REQUIRED WORK | Return the lines below exactly, from the first line to the line that contains "5-9 x9- Kashan". Leave out pictures.

INFORMATION PROVIDED |
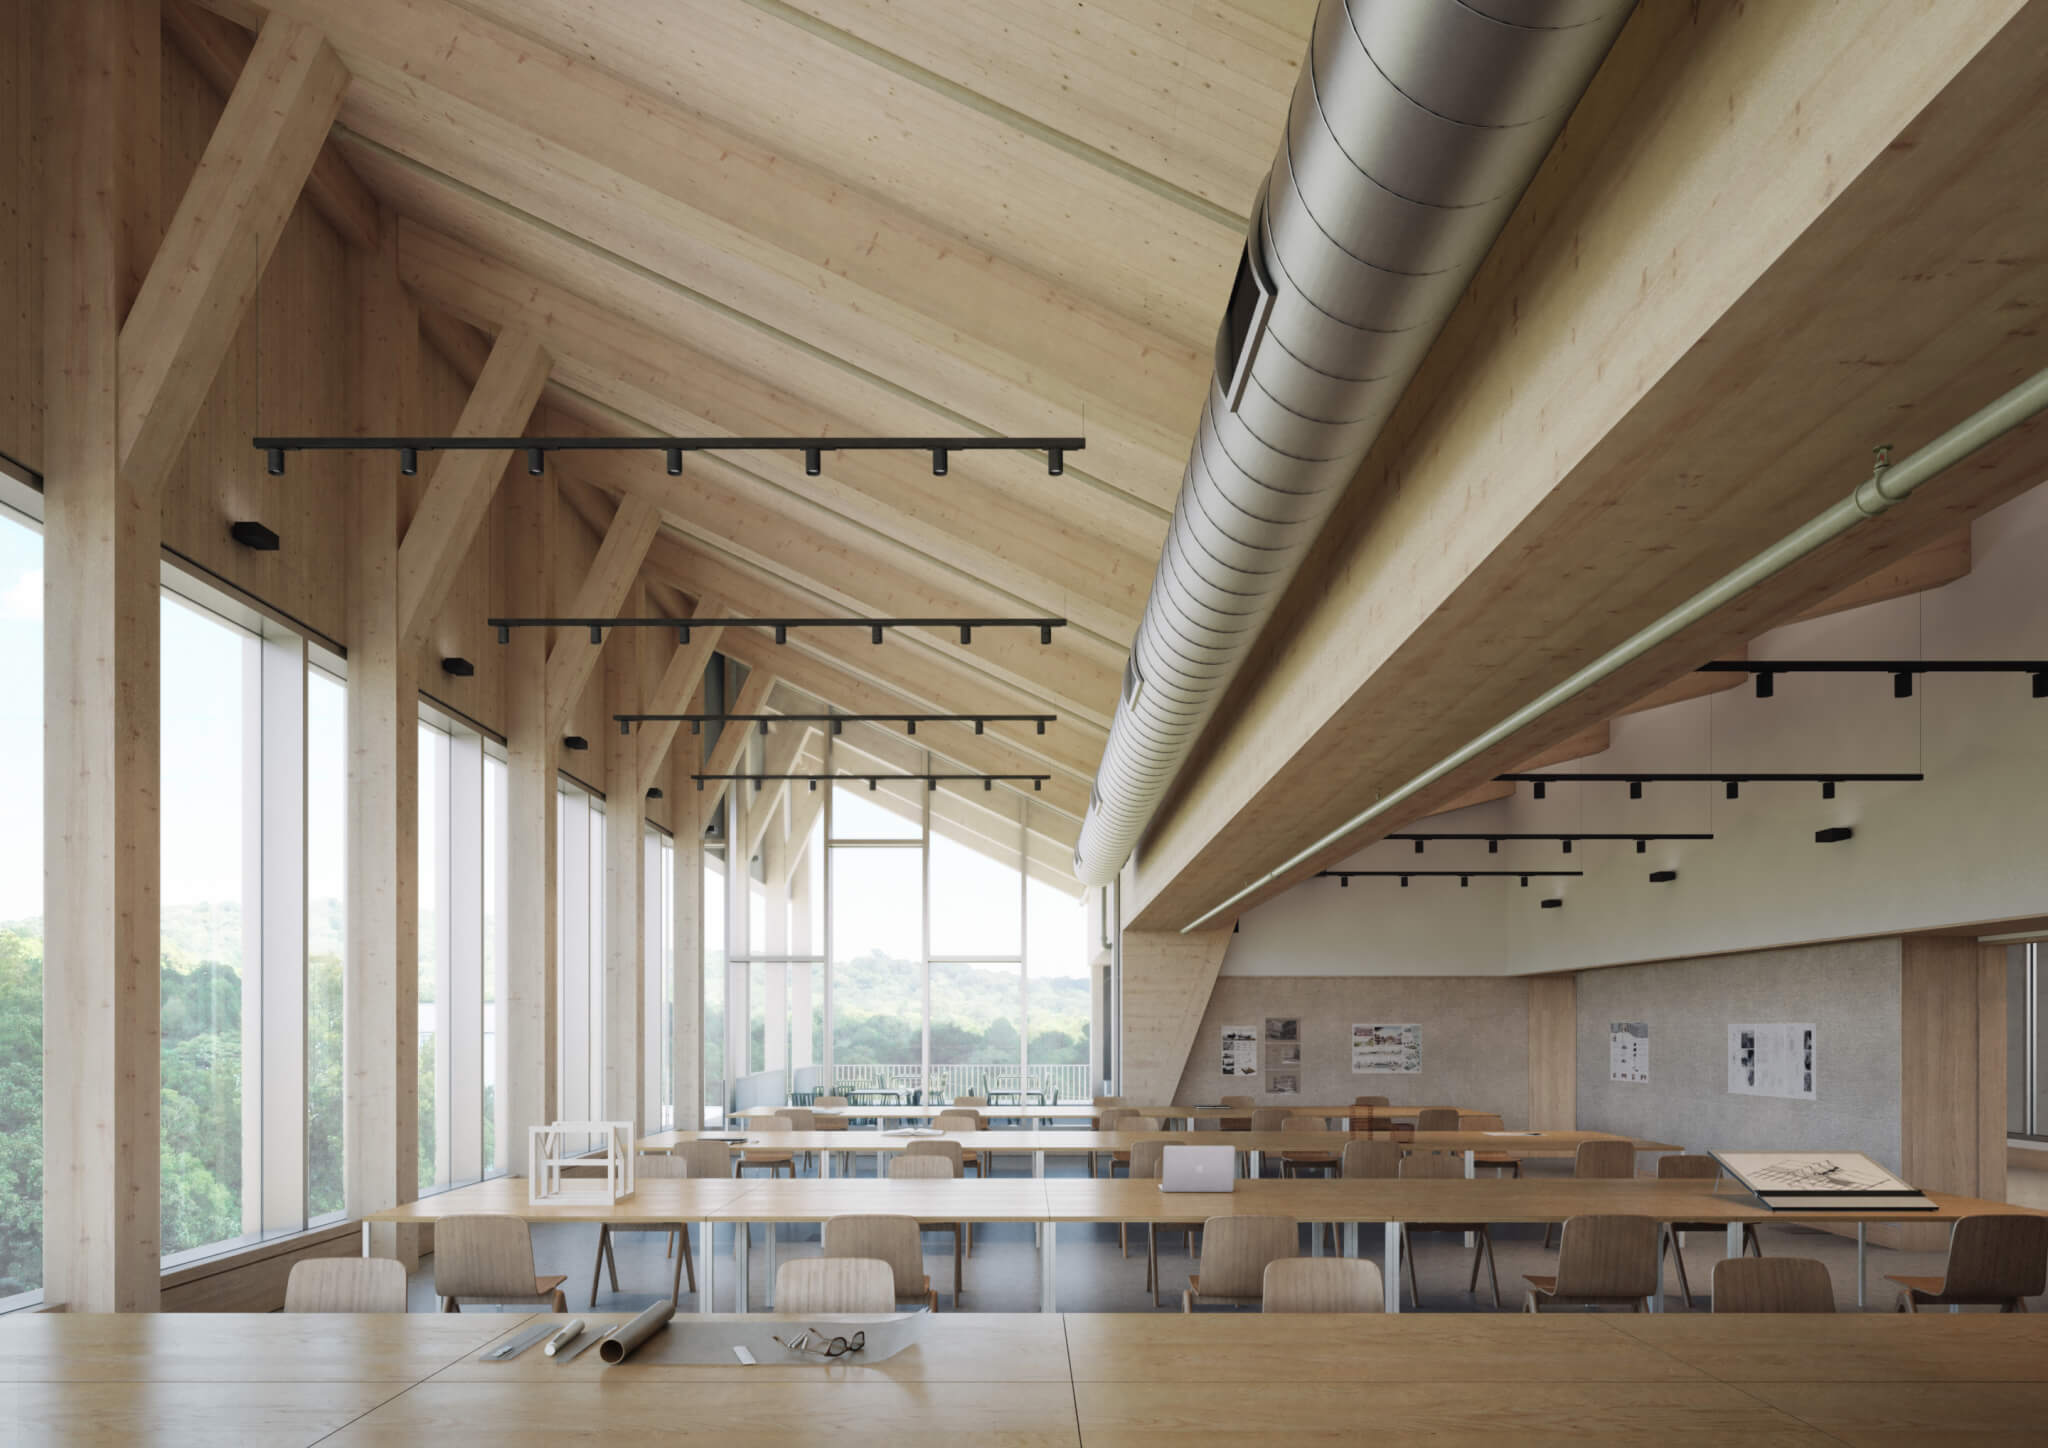 interior rendering of a mass timber classroom space
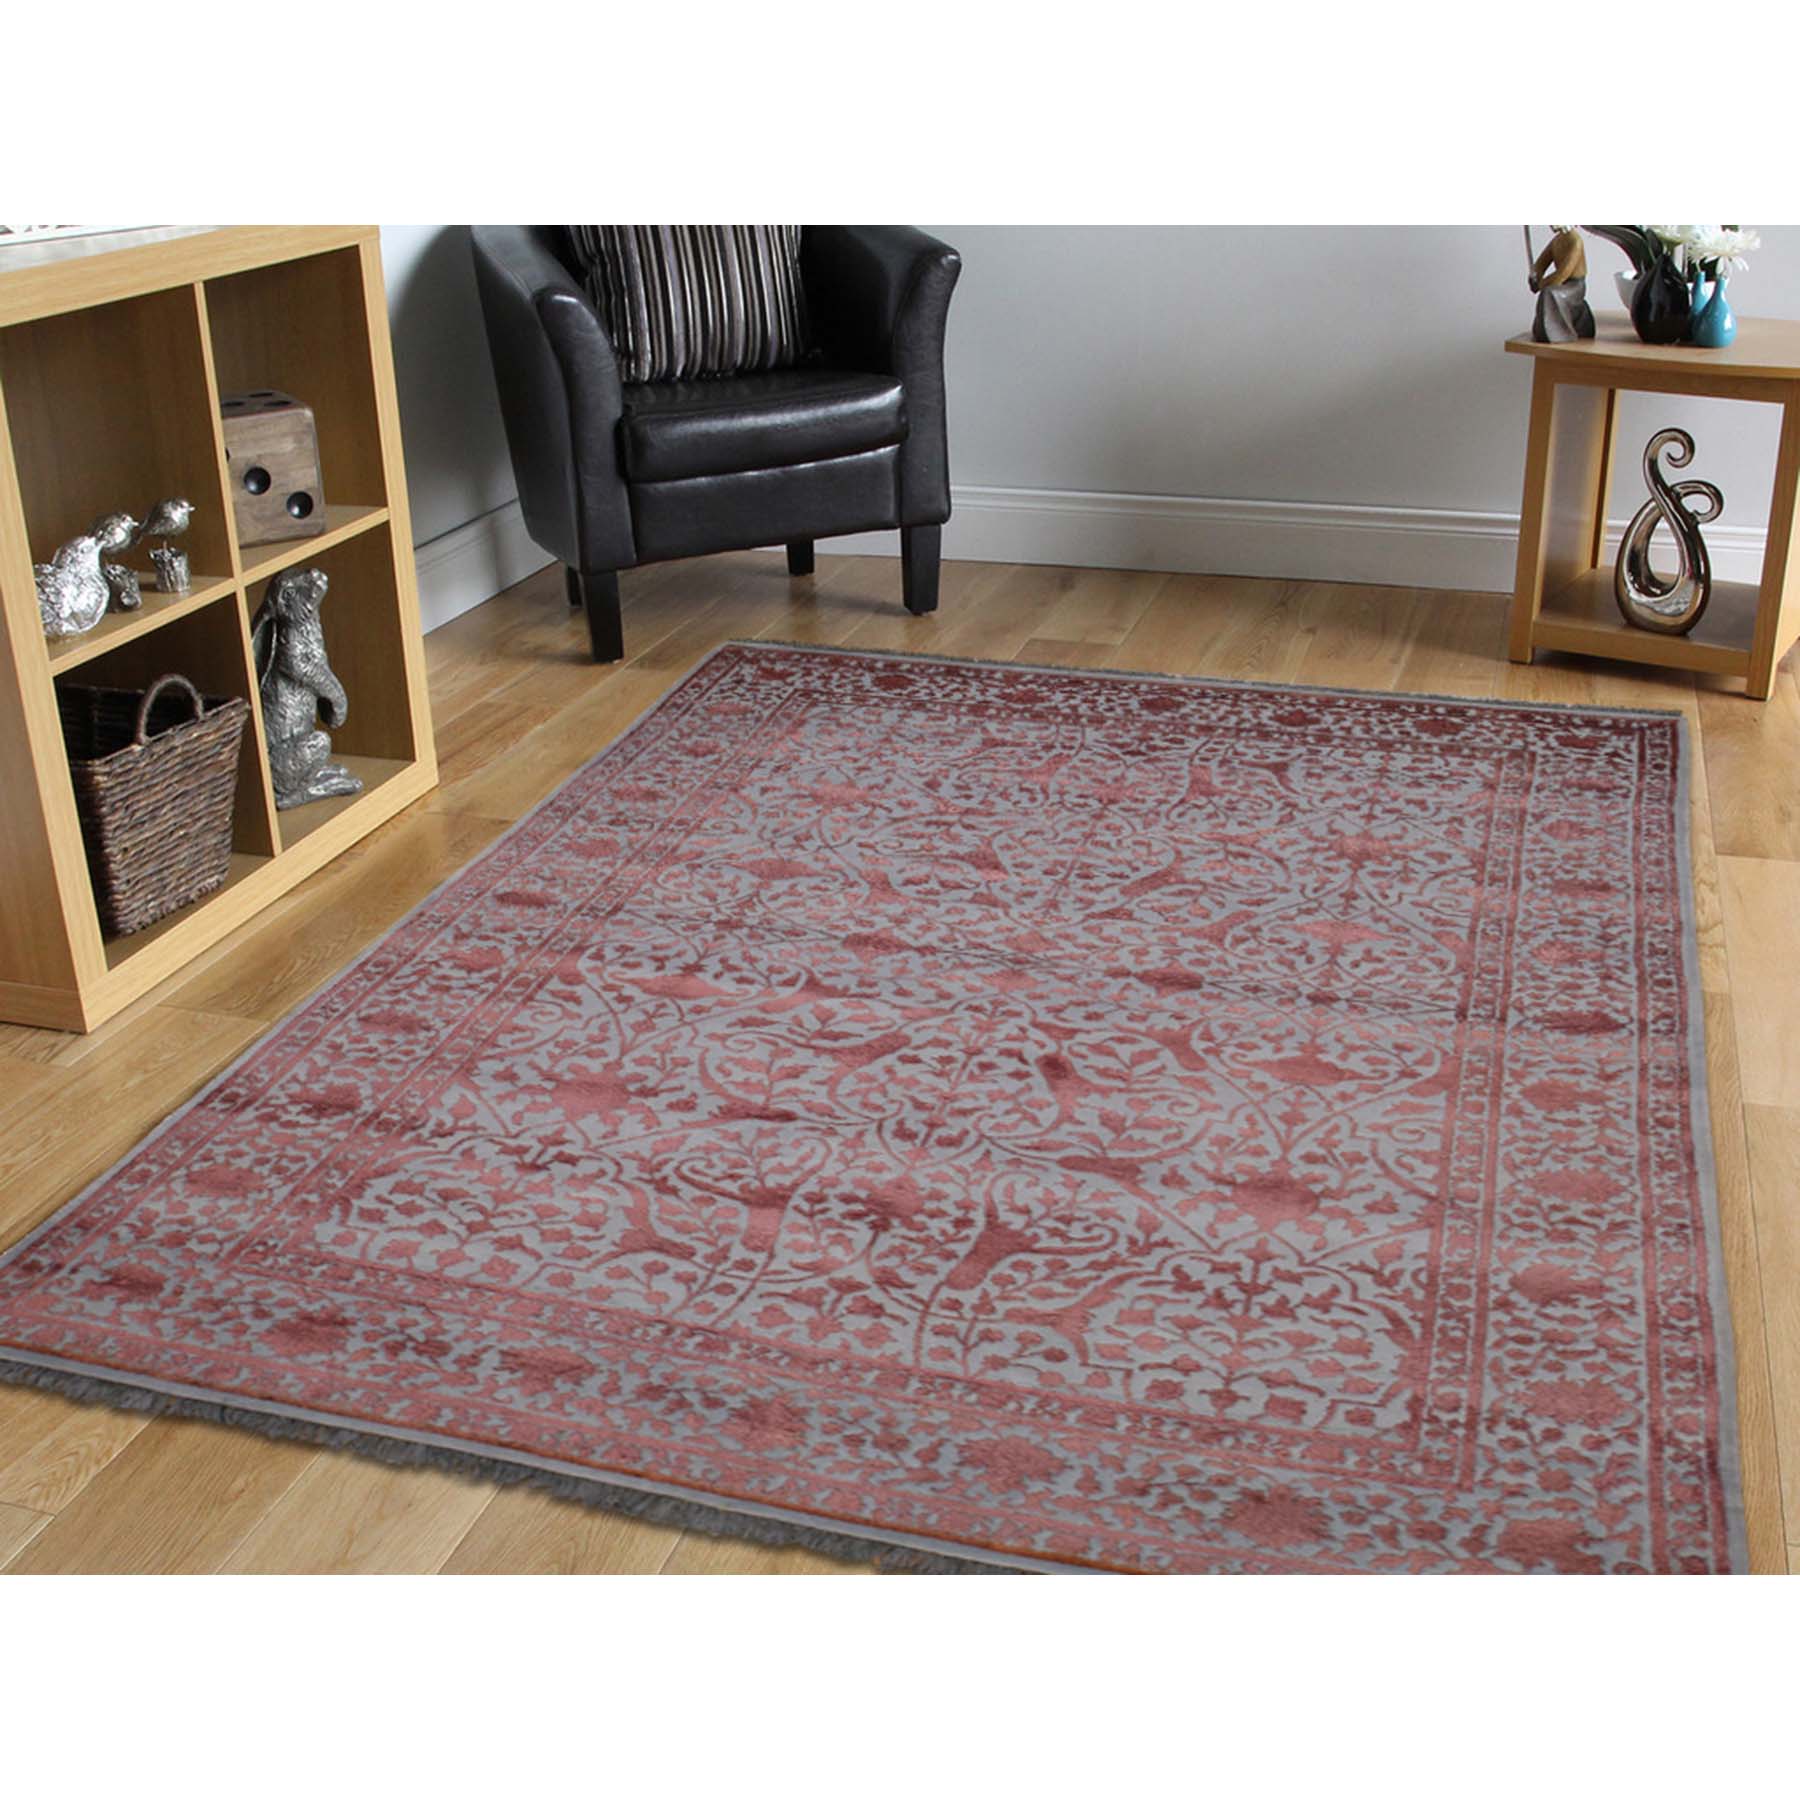 5-9 x9- Kashan Dense Weave Wool And Silk Hand-Knotted Pure Wool Rug 
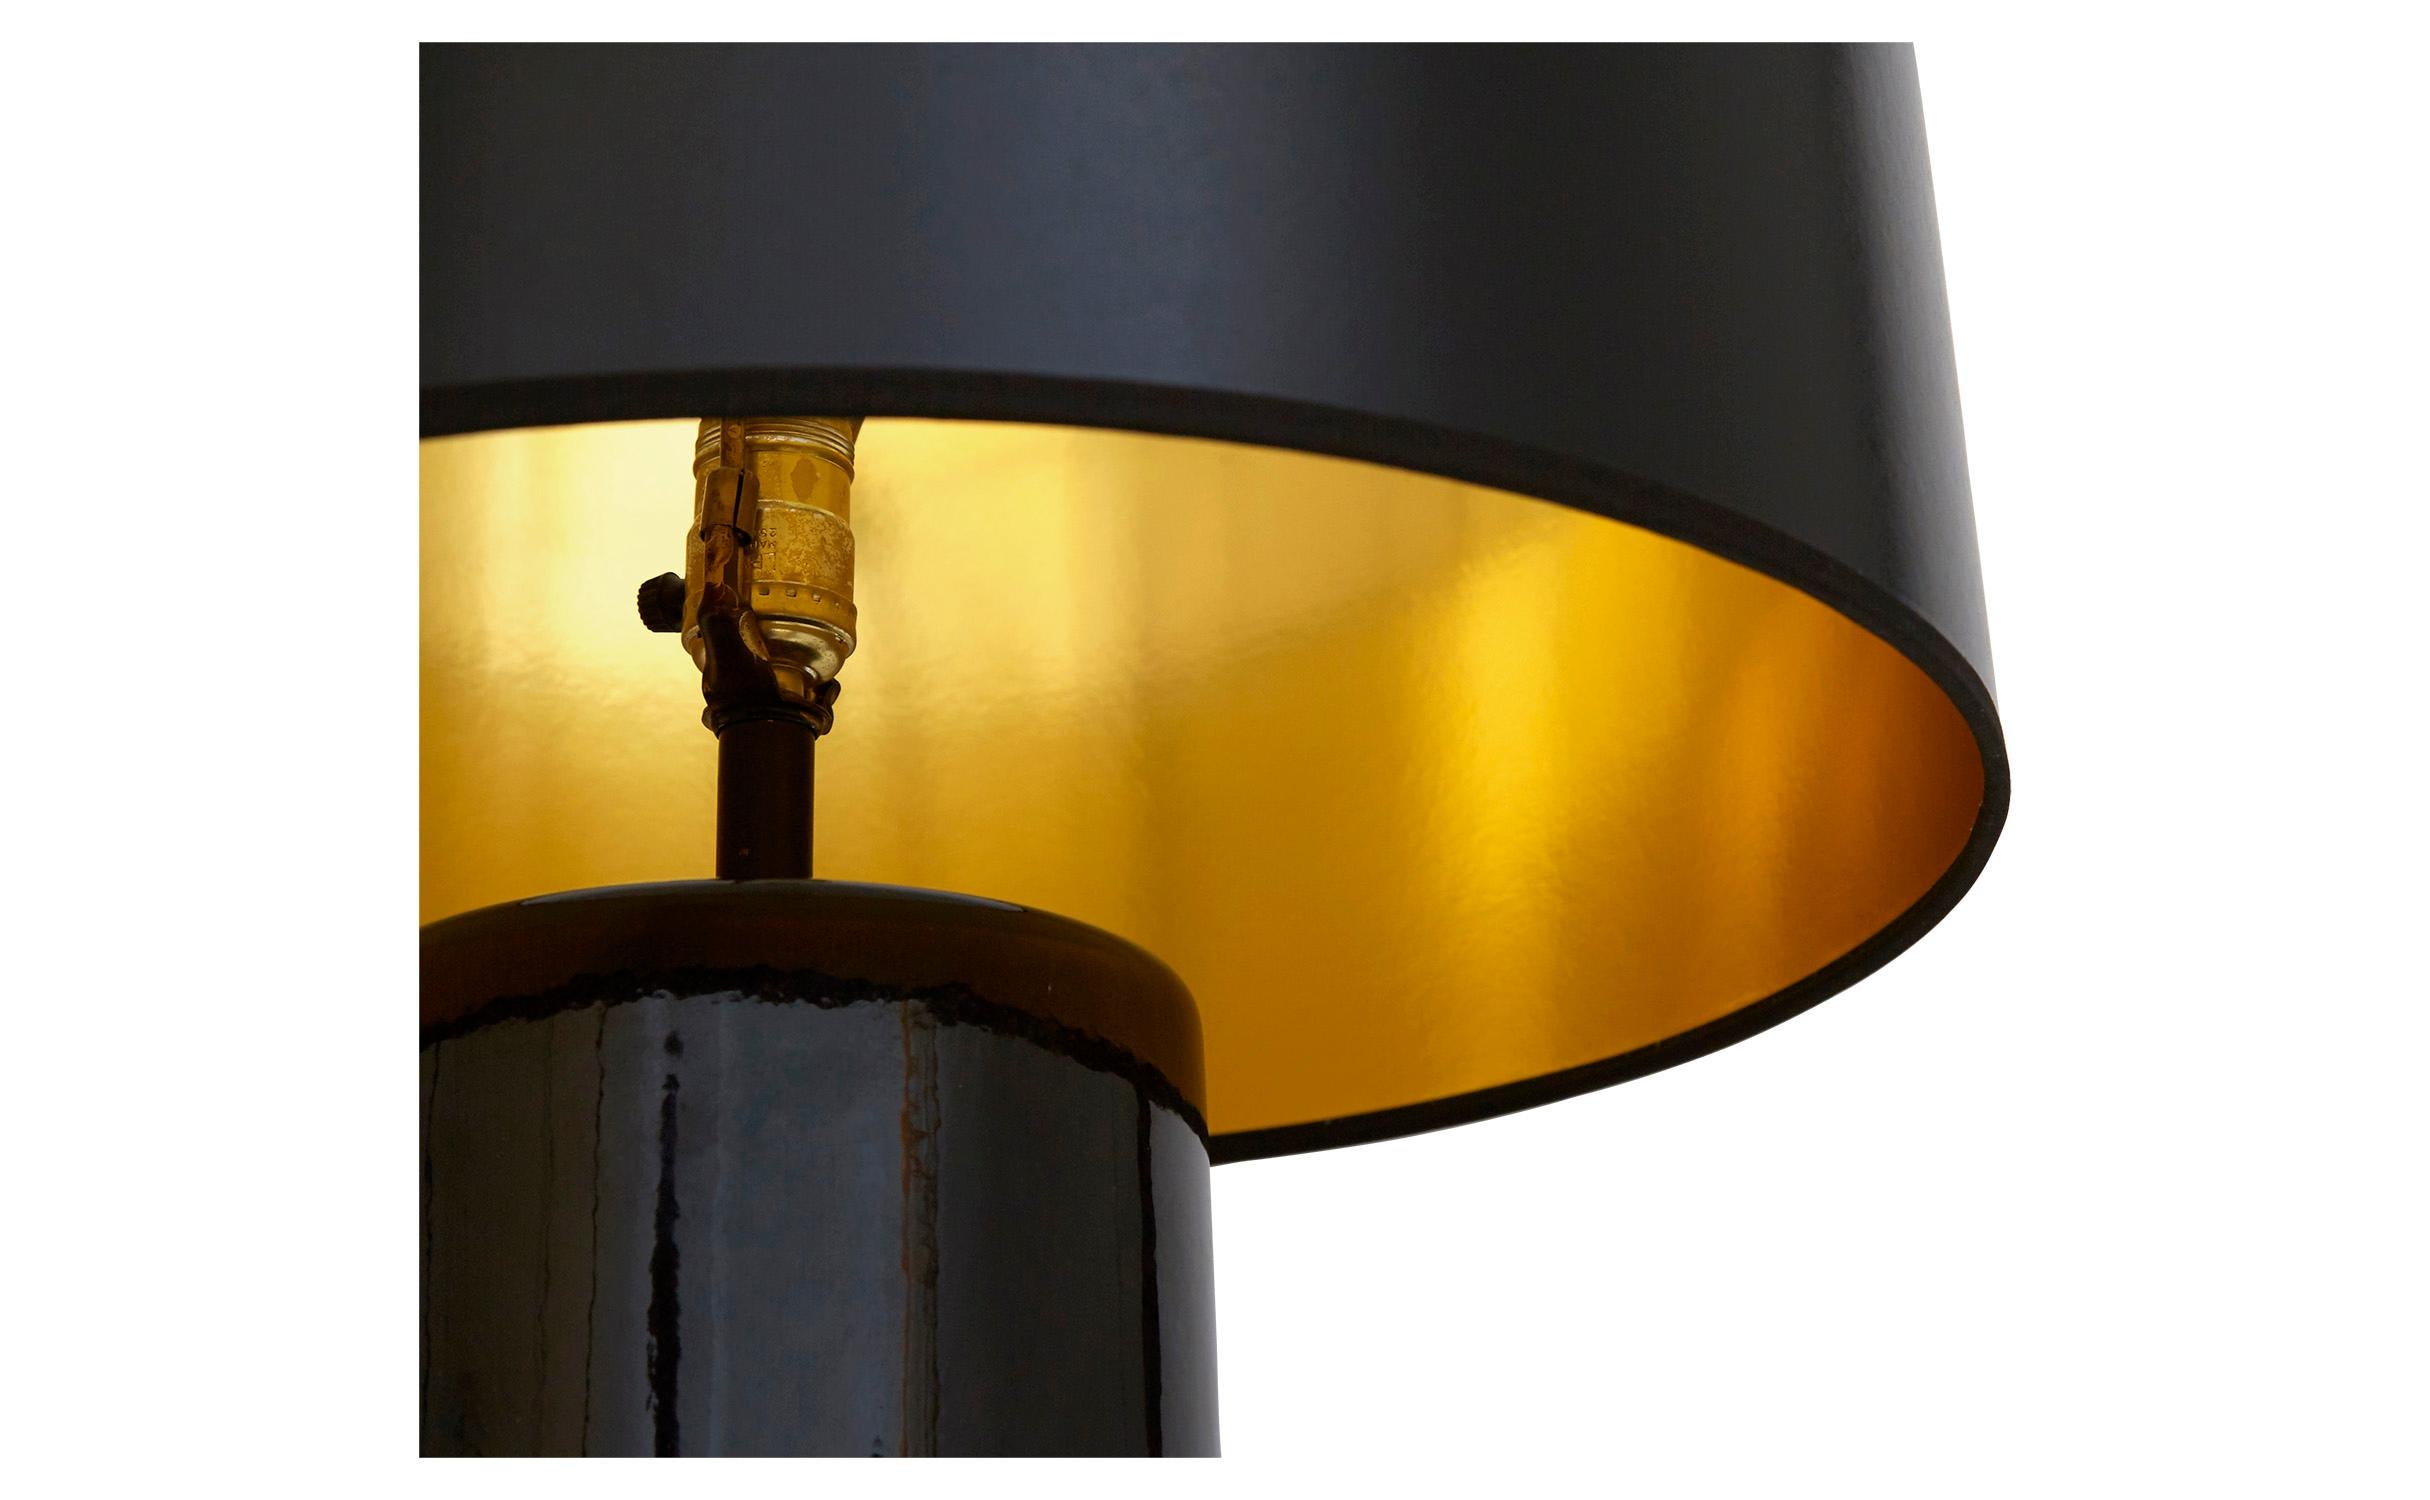 Our vintage black table lamp was crafted in America in the mid-20th century. It features a cylindrical ceramic base finished with a glossy black glaze and paired with a black paper shade with a gold interior. Newly rewired, we’ve paired it with a

SOLUTION TO THIS PROBLEM |
 interior rendering of a mass timber classroom space
 5-9 x9- Kashan Dense Weave Wool And Silk Hand-Knotted Pure Wool Rug 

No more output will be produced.